Re: [PATCH 0/10] psi: pressure stall information for CPU, memory, and IO v2

Johannes Weiner <hannes@xxxxxxxxxxx> · Wed, 18 Jul 2018 18:21:57 -0400

On Tue, Jul 17, 2018 at 01:25:15PM +0200, Michal Hocko wrote:
> On Mon 16-07-18 10:57:45, Daniel Drake wrote:
> > Hi Johannes,
> > 
> > Thanks for your work on psi! 
> > 
> > We have also been investigating the "thrashing problem" on our Endless
> > desktop OS. We have seen that systems can easily get into a state where the
> > UI becomes unresponsive to input, and the mouse cursor becomes extremely
> > slow or stuck when the system is running out of memory. We are working with
> > a full GNOME desktop environment on systems with only 2GB RAM, and
> > sometimes no real swap (although zram-swap helps mitigate the problem to
> > some extent).
> > 
> > My analysis so far indicates that when the system is low on memory and hits
> > this condition, the system is spending much of the time under
> > __alloc_pages_direct_reclaim. "perf trace -F" shows many many page faults
> > in executable code while this is going on. I believe the kernel is
> > swapping out executable code in order to satisfy memory allocation
> > requests, but then that swapped-out code is needed a moment later so it
> > gets swapped in again via the page fault handler, and all this activity
> > severely starves the system from being able to respond to user input.
> > 
> > I appreciate the kernel's attempt to keep processes alive, but in the
> > desktop case we see that the system rarely recovers from this situation,
> > so you have to hard shutdown. In this case we view it as desirable that
> > the OOM killer would step in (it is not doing so because direct reclaim
> > is not actually failing).

Yes, we currently use a userspace application that monitors pressure
and OOM kills (there is usually plenty of headroom left for a small
application to run by the time quality of service for most workloads
has already tanked to unacceptable levels). We want to eventually add
this back into the kernel with the appropriate configuration options
(pressure threshold value and sustained duration etc.)

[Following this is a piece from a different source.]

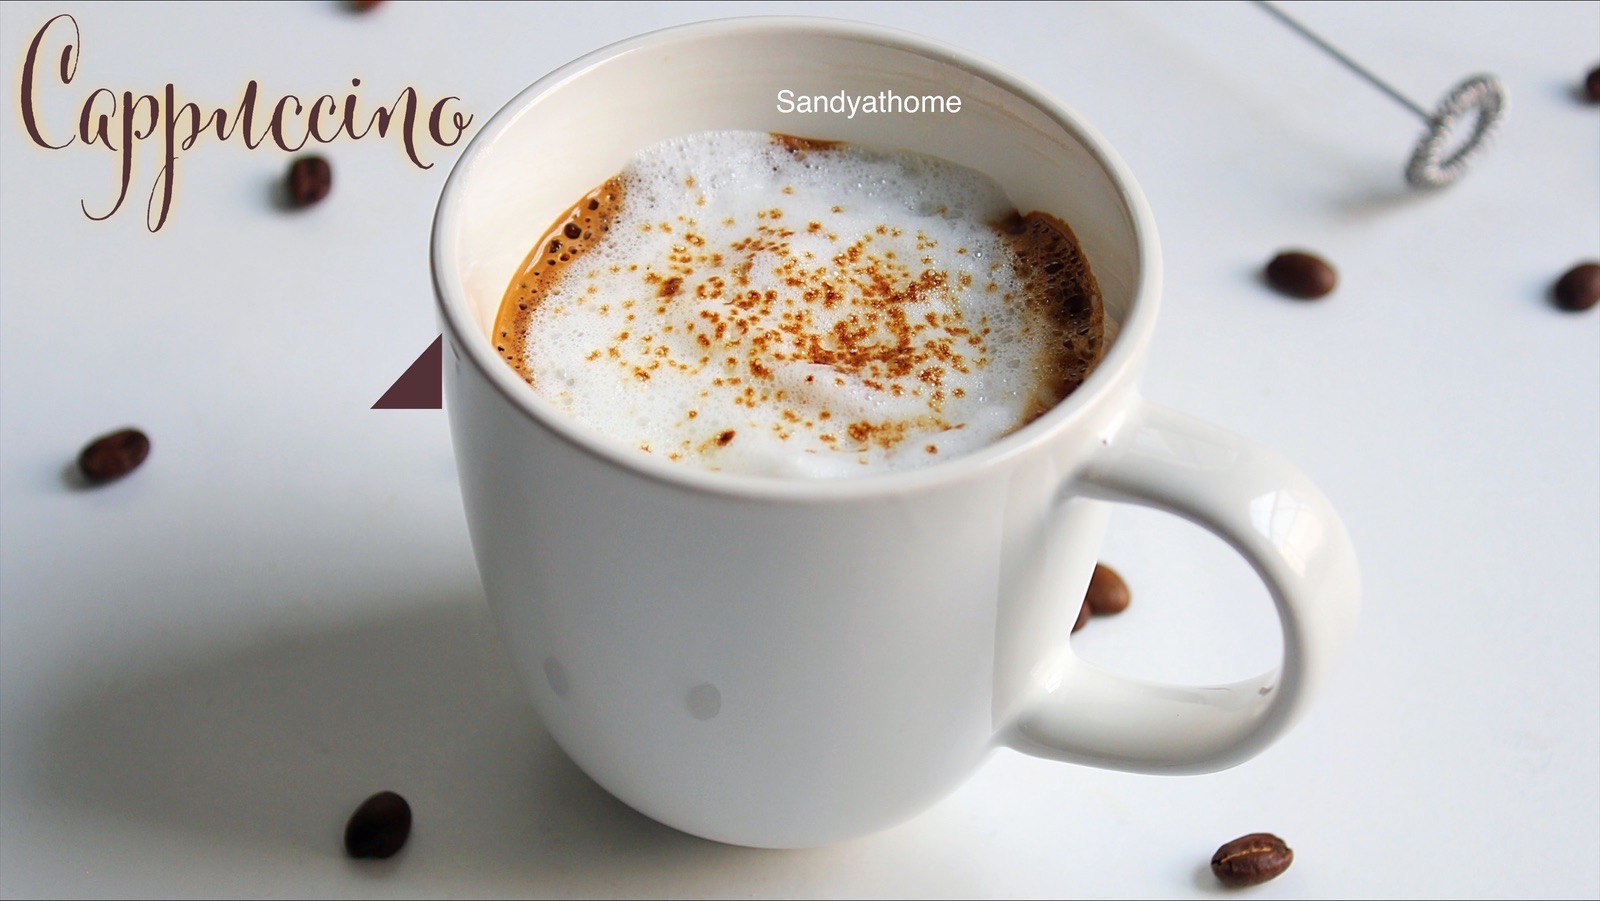 Photo How to Make Cappuccino Without a Coffee Machine in di Malang
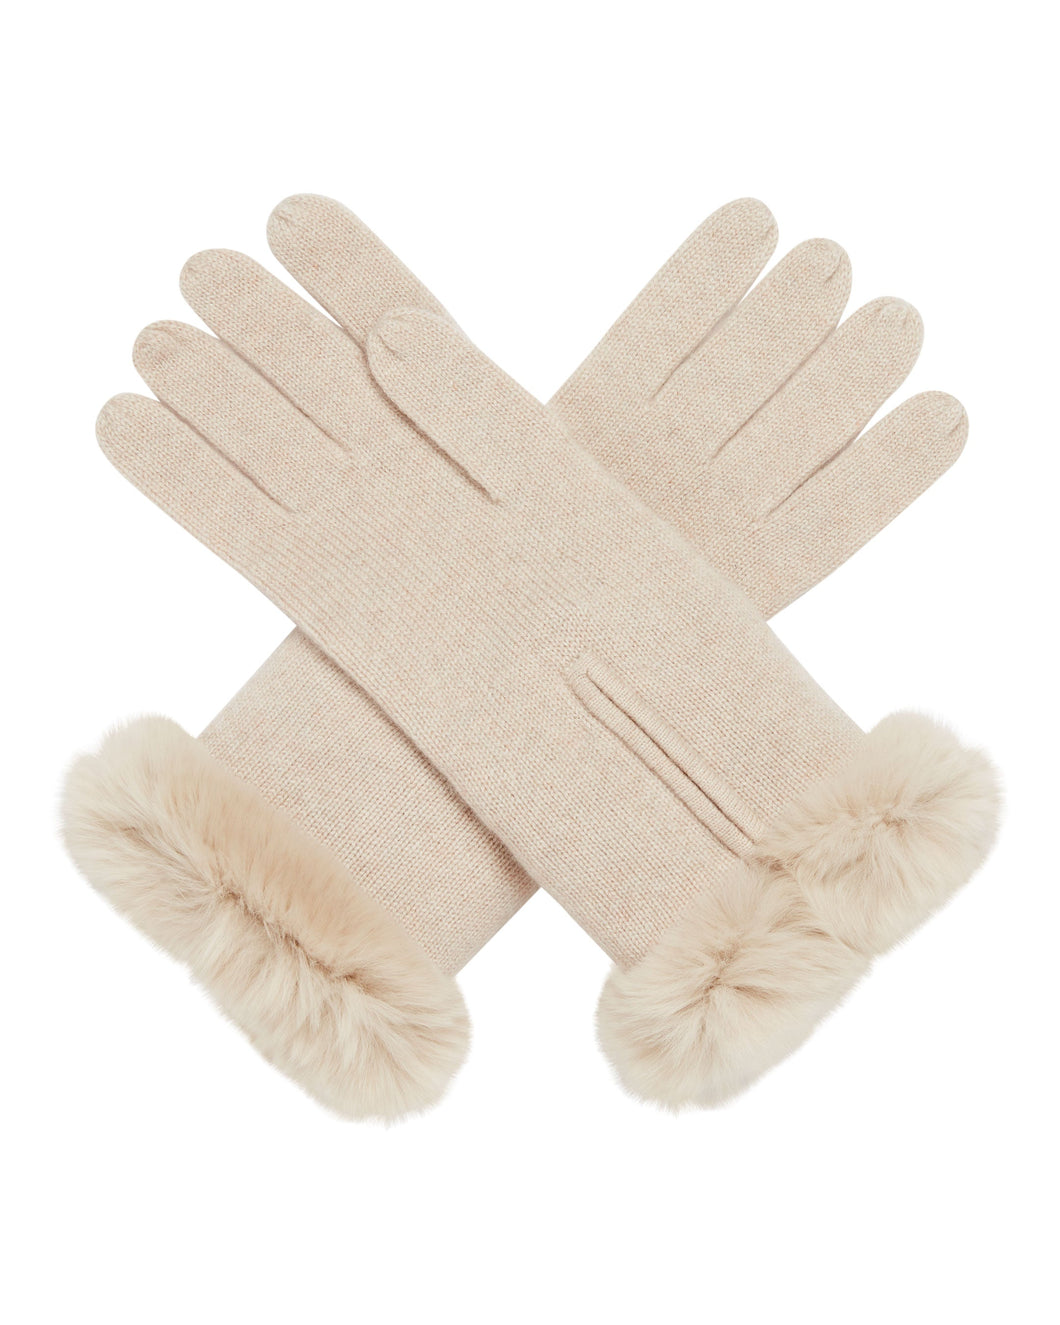 N.Peal Women's Fur And Cashmere Gloves Heather Beige Brown

> Yes this is really unfortunate. One thing that could help would be to
> consider a trashing level during the reclaim (get_scan_count) to simply
> forget about LRUs which are constantly refaulting pages back. We already
> have the infrastructure for that. We just need to plumb it in.

This doesn't work without quantifying the actual time you're spending
on thrashing IO. The cutoff for acceptable refaults is very different
between rotating disks, crappy SSDs, and high-end flash.

But in the future we might want the OOM killer to monitor psi memory
levels and dispatch tasks when we sustain X percent for Y seconds.